UDMessenger

Volume 12, Number 2, 2003


Raymond makes 3 in a row for national recognition

Harold R. "Tubby" Raymond, the highly successful University of Delaware football head coach who retired after the 2001 season with 300 wins and three national championships, was inducted into the College Football Hall of Fame during ceremonies Aug. 8-9 in South Bend, Ind.

Raymond, who was head coach of the Fightin' Blue Hens for 36 seasons, was one of nine individuals selected to the divisional hall of fame, which includes coaches and players from NCAA Divisions I-AA, II and III and the National Association of Intercollegiate Athletics (NAIA).

Raymond was joined by fellow coaches Roy Kidd of Eastern Kentucky University, who retired following the 2002 season, and Marino Casem, who coached at Alabama State, Alcorn State and Southern universities over 26 seasons until 1992.

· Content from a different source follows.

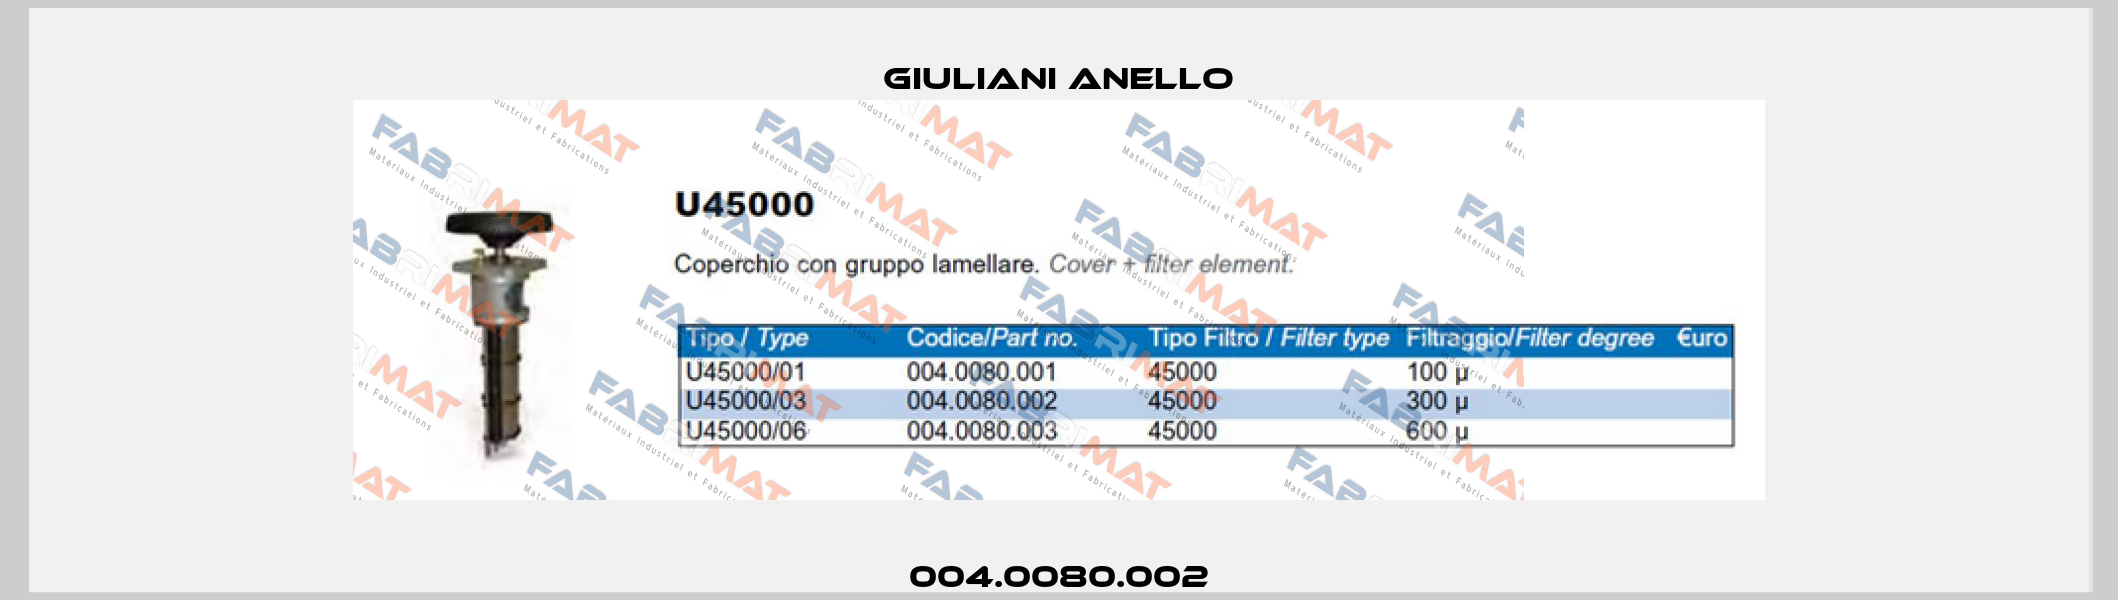 004.0080.002 Giuliani Anello

In addition to the three coaches, six players were selected for inclusion in the divisional Hall of Fame. They are quarterback Brad Calip of East Central University of Oklahoma (1981-84), tight end Dwayne Nix of Texas A&M University-Kingsville (1965-68), running back Scott Reppert of Lawrence University of Wisconsin (1979-82), end Willie Richardson of Jackson State University (1959-62), tackle Calvin Roberts of Gustavus Adolphus College of Minnesota (1949-52) and running back Ben Stevenson of Tuskegee University (1924-30).

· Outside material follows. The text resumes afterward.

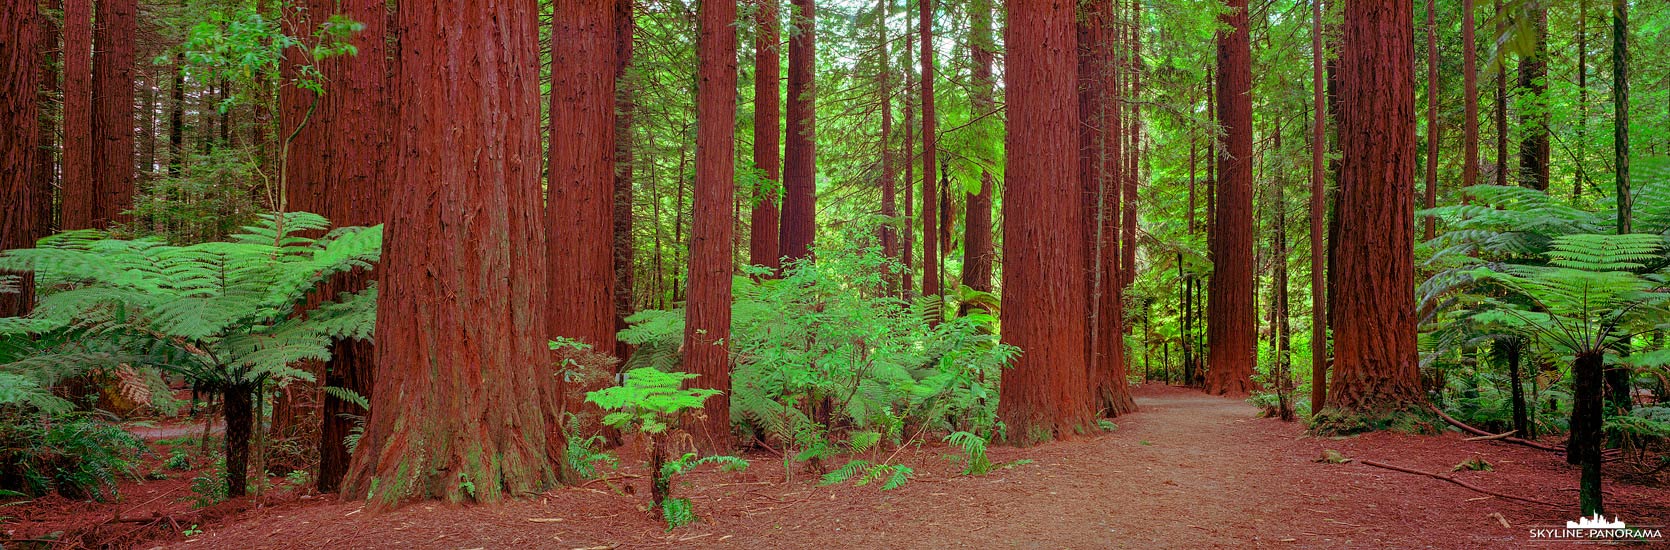 Redwoods Whakarewarewa Forest - Rotorua NZ (p_01141)

Raymond became the third straight UD football head coach to be inducted into the Hall of Fame, joining his direct predecessors Dave Nelson (1952-1965) and Bill Murray (1940-51).

Raymond also is a member of the Delaware Sports Hall of Fame and the University of Delaware Athletics Hall of Fame.

Raymond enjoyed a career at UD that started as an assistant football coach in the mid-1950s. Under his direction as head coach, beginning in 1966, the Blue Hens compiled a 300-119-3 record, making him one of only nine coaches in the history of college football to reach 300 victories and just the fourth to do so at one school.

He left coaching ranked third in victories behind only Eddie Robinson of Grambling and Kidd at Eastern Kentucky in NCAA Division I-AA.

Raymond's accomplishments are staggering. The list includes:

Thirty-one of Raymond's 36 teams had had winning records, including a streak of 13 straight winning seasons. Only 13 times did a Raymond-coached squad have fewer than eight victories.

The team success brought Raymond numerous honors, including the distinction of being just one of two college division coaches to win consecutive American Football Coaches Association Coach of the Year awards. Raymond was cited in 1971 and 1972, when he coached Delaware to back-to-back national titles. The only other coach to match that feat was Wittenberg's Bill Edwards, in 1962 and 1963.

In 1979, after winning the NCAA Division II national championship, ABC Sports and Chevrolet named Raymond the NCAA Division II Coach of the Year.

On the district level, Raymond was named AFCA College Division District II (now NCAA I-AA Region I) Coach of the Year seven times, including the 1995 season, and the New York Football Writers Association ECAC Division I-AA Coach of the Year twice, including the 1992 campaign.

Raymond came to Delaware from the University of Maine in 1954 and served as Dave Nelson's backfield coach for 12 years before Nelson, a member of the College Football Hall of Fame who died in 1991, resigned to devote full-time to his athletic director duties.

Called "Tubby" by his childhood playmates, Raymond lost the weight but not the nickname. A native of Flint, Mich., and a 1950 graduate of the University of Michigan, Raymond played football and baseball for the Wolverines and captained the 1949 baseball team.

He played minor league professional baseball for two years and was head football coach at University High School in Ann Arbor, Mich., before heading to the University of Maine.

He served as Blue Hen baseball coach for nine years and compiled the second best coaching record in the history of the sport at UD with a mark of 141-56. Six of Raymond's nine baseball teams qualified for the NCAA District II playoffs.

He left the baseball post­giving way to his assistant, recently retired Bob Hannah­before the 1965 season to become a full-time football assistant.